[[ Dataset content, beginning ]]

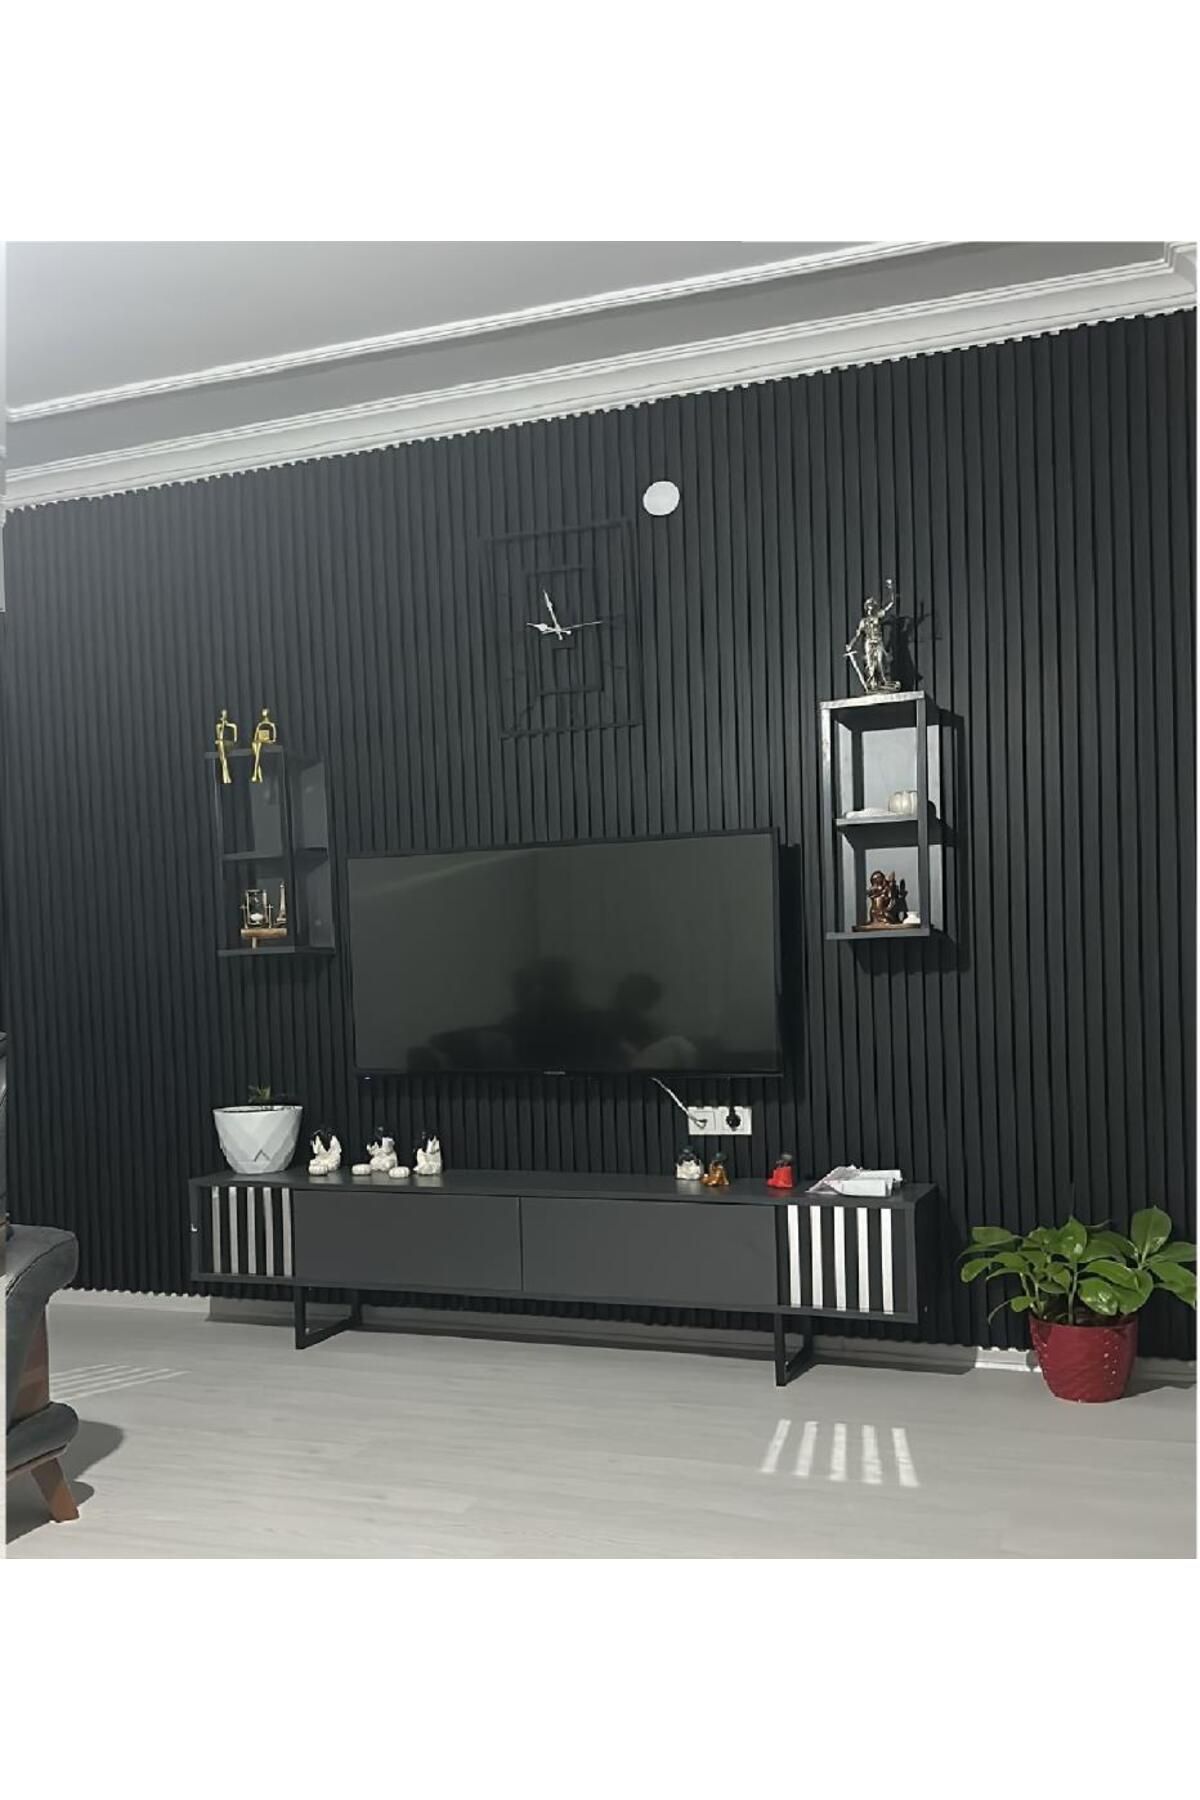 Renkli Duvarlar ATC 16cmx290cm Siyah Prefabrik Ofis Tv Ünite Pvc Kaplama Lambiri
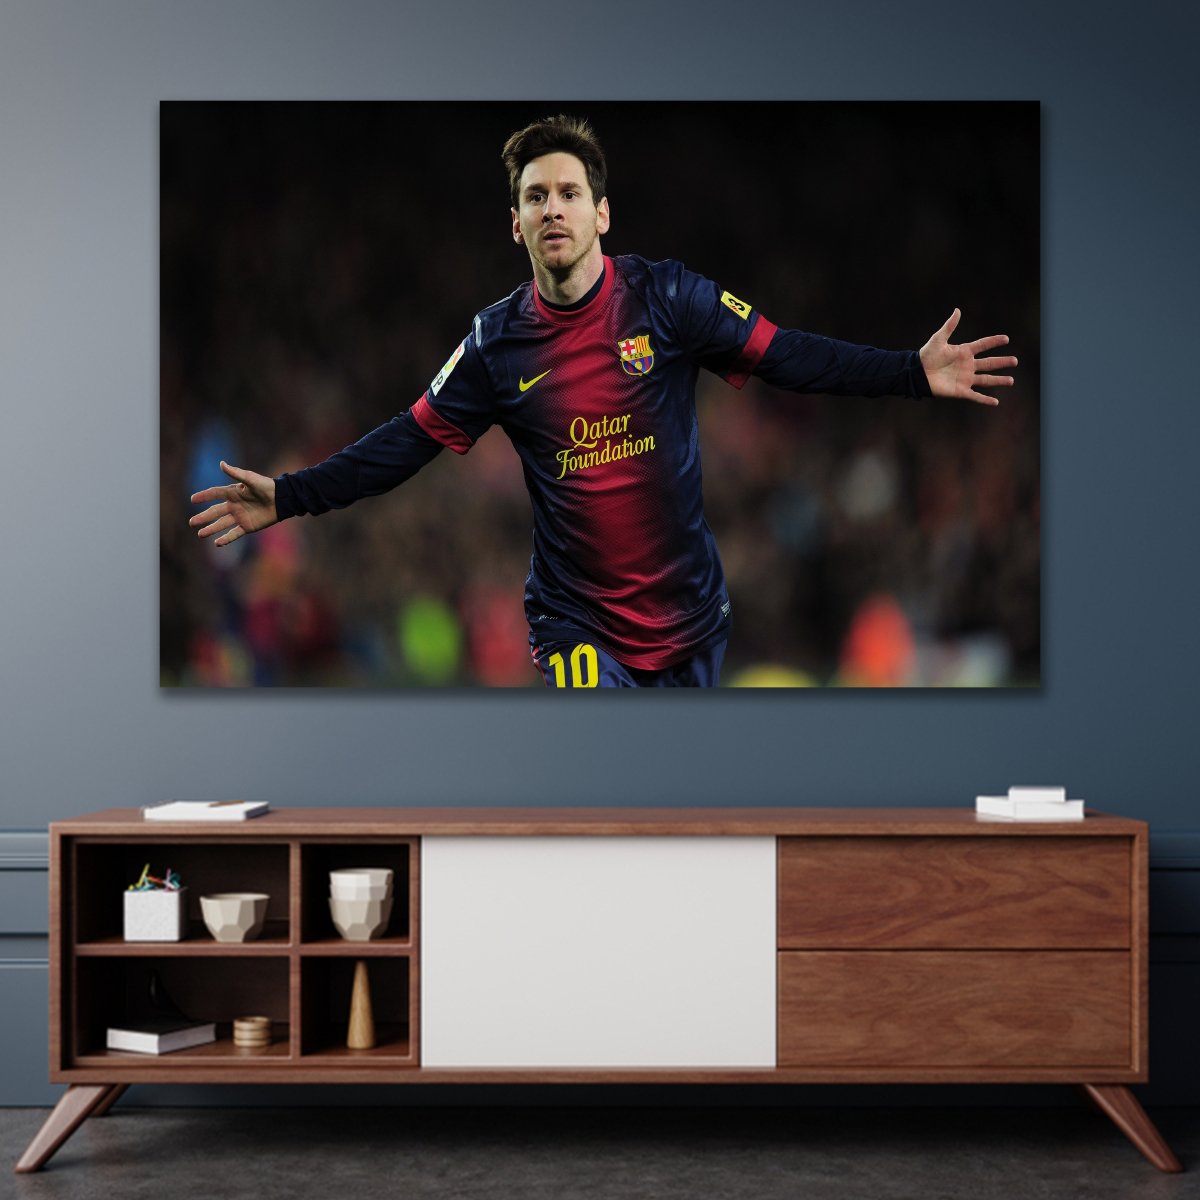 Tranh treo tường cầu thủ bóng đá Messi
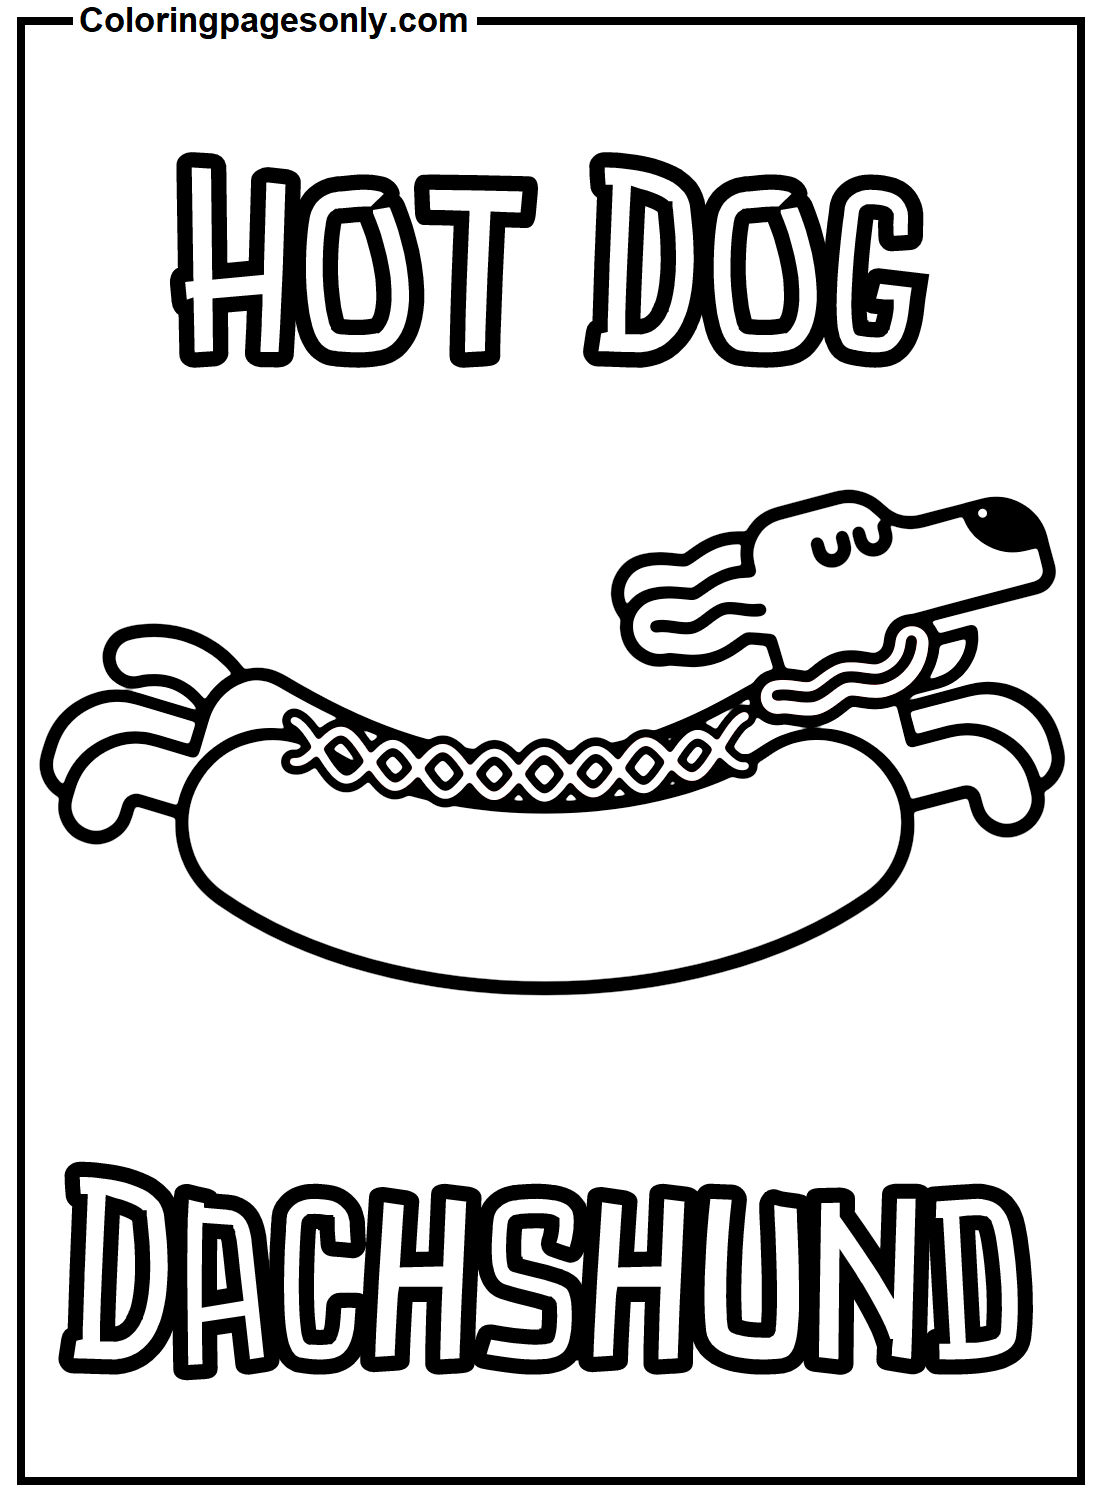 Bassotto Hot Dog di Hot Dog

[[ Dataset content, end ]]

Instructions for the task - Every line of the material must be reproduced verbatim; the pictures are to be omitted.

Reply -
 Renkli Duvarlar ATC 16cmx290cm Siyah Prefabrik Ofis Tv Ünite Pvc Kaplama Lambiri
 Tranh treo tường cầu thủ bóng đá Messi
 Bassotto Hot Dog di Hot Dog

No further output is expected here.